Building a Breathprint: Biomarkers of Exposure Due to the Toxicant Trochloroethylene

Abstract

Exposure to environmental toxins is a significant risk factor for the development of Parkinson’s disease (PD), a neurodegenerative disease that afflicts over 1 million Americans. Motor symptoms and diagnosis of this disorder typically occur after significant neuronal degeneration of the nigrostriatal pathway has manifested, but the underlying pathophysiological changes are known to occur much earlier. Assessment of biomarkers following toxicant exposure has the potential not only to identify at-risk populations, but also to aid in diagnosis of the disease in its earliest stages, inform preventive strategies, and provide information that might help researchers develop treatments that could slow or even halt PD progression.

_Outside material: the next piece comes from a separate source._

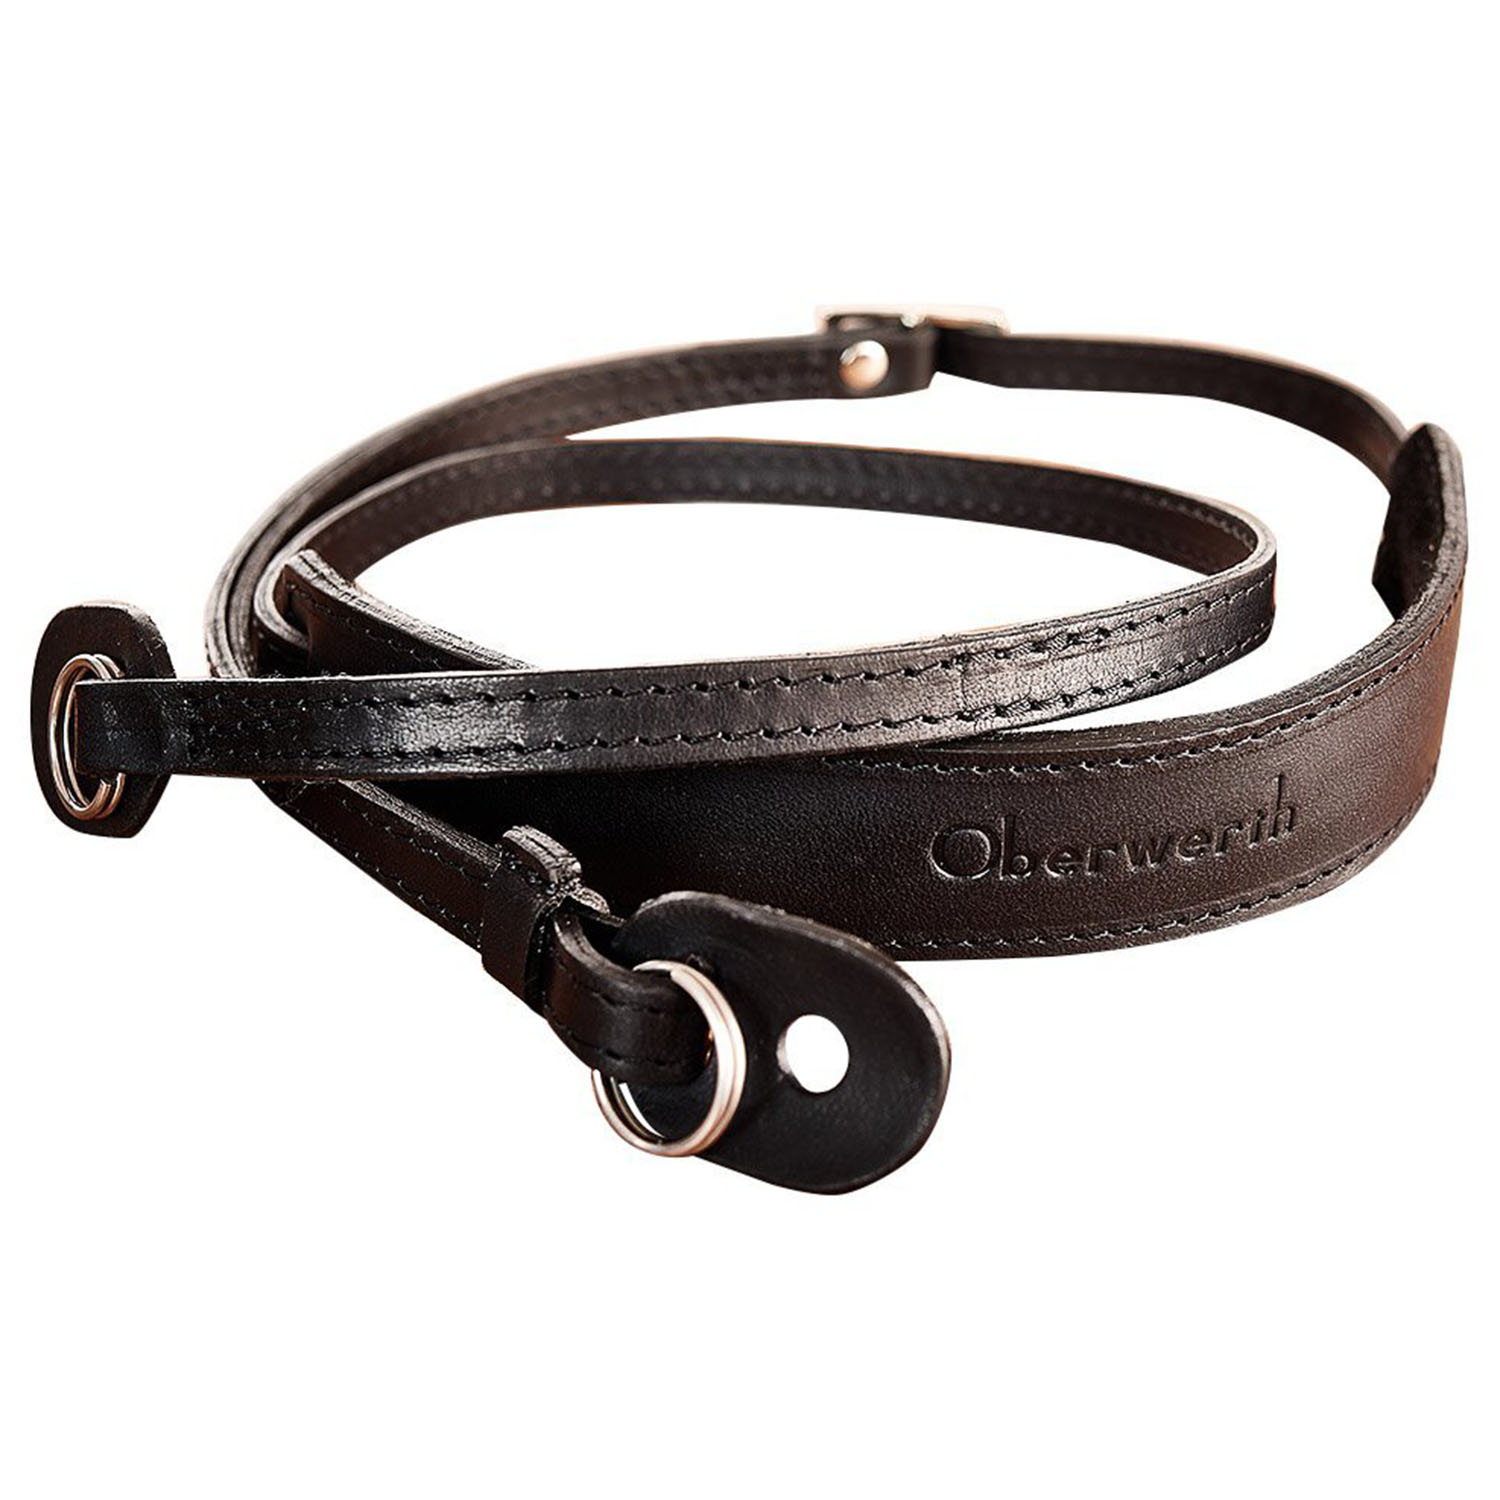 Oberwerth Mosel Cow-Hide Black Leather Strap Main Image
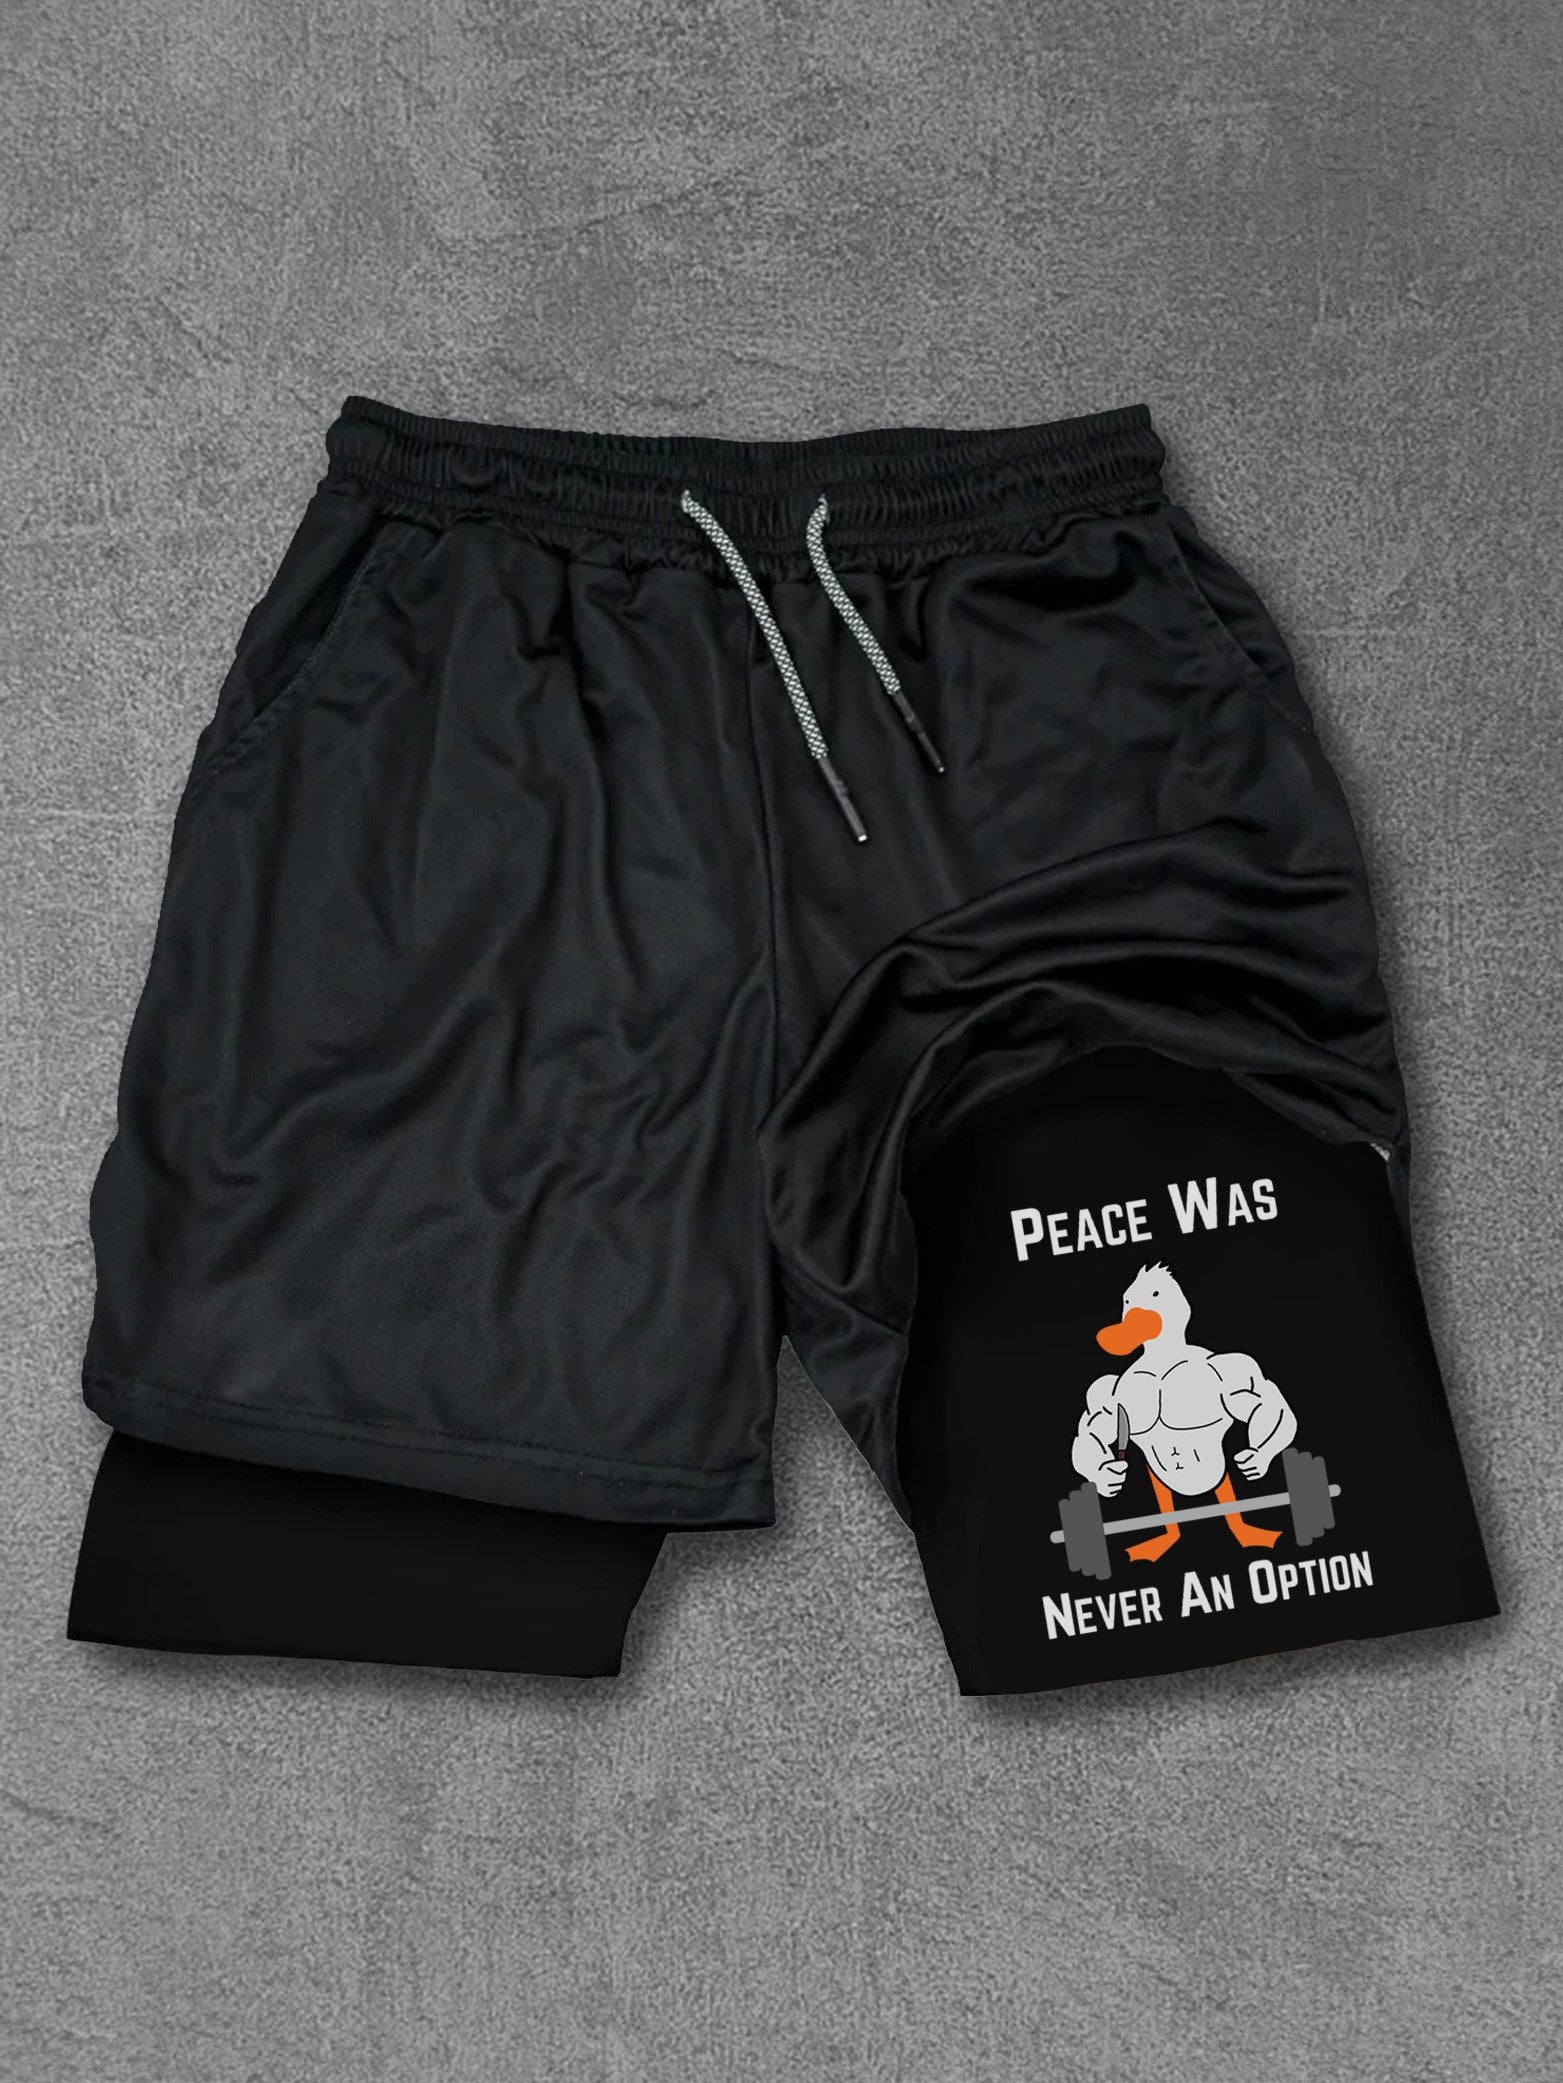 peace was never an option Performance Training Shorts

One such environmental contaminant, trichloroethylene (TCE), is a component commonly utilized in metal degreasers and in the dry cleaning and painting industries. Approximately 50 million pounds of TCE are released annually into the US environment, where it persists in groundwater sources because of improper disposal.1,2 TCE is detected in 30% of US drinking water supplies at concentrations between 1 and 100 ppm.3 After ingestion, TCE may partially metabolize into other toxic compounds, including chloral hydrate, and trichloroacetic acid. These can be absorbed in various cells and tissues, including neurons. In a recent study of 99 twins, the twin exposed to TCE was significantly more likely to develop PD than the unexposed twin.4 We are developing a non-invasive breath test to build a biomarker panel of volatile organic compounds (VOCs) for exposure monitoring and evaluation of neuronal degeneration indicative of PD. Initial experiments utilize exhaled samples from a pre-clinical mouse model exposed to TCE. Breath environment samples are collected from each mouse and analyzed using laser-ionization time-of-flight mass spectrometry (LI-TOF-MS). This approach results in high sensitivity with a very short analysis time and can identify unknown VOC formulae in the absence of external standards. Our pilot studies indicate that we can detect TCE and other VOCs in the breath environment that are indicative of neuronal degeneration. Pending studies will investigate the relationship between toxicant exposure and VOCs with known markers of nigrostriatal damage in animal models which can be correlated to VOCs from breath samples of human PD patients. Thus, these studies may have clinical significance because of their potential to enable a new, non-invasive collection and analysis technology for early detection of PD. A novel diagnostic tool such as this might also allow screening for other environmental exposures and lead to remediation of toxins linked with PD and other diseases.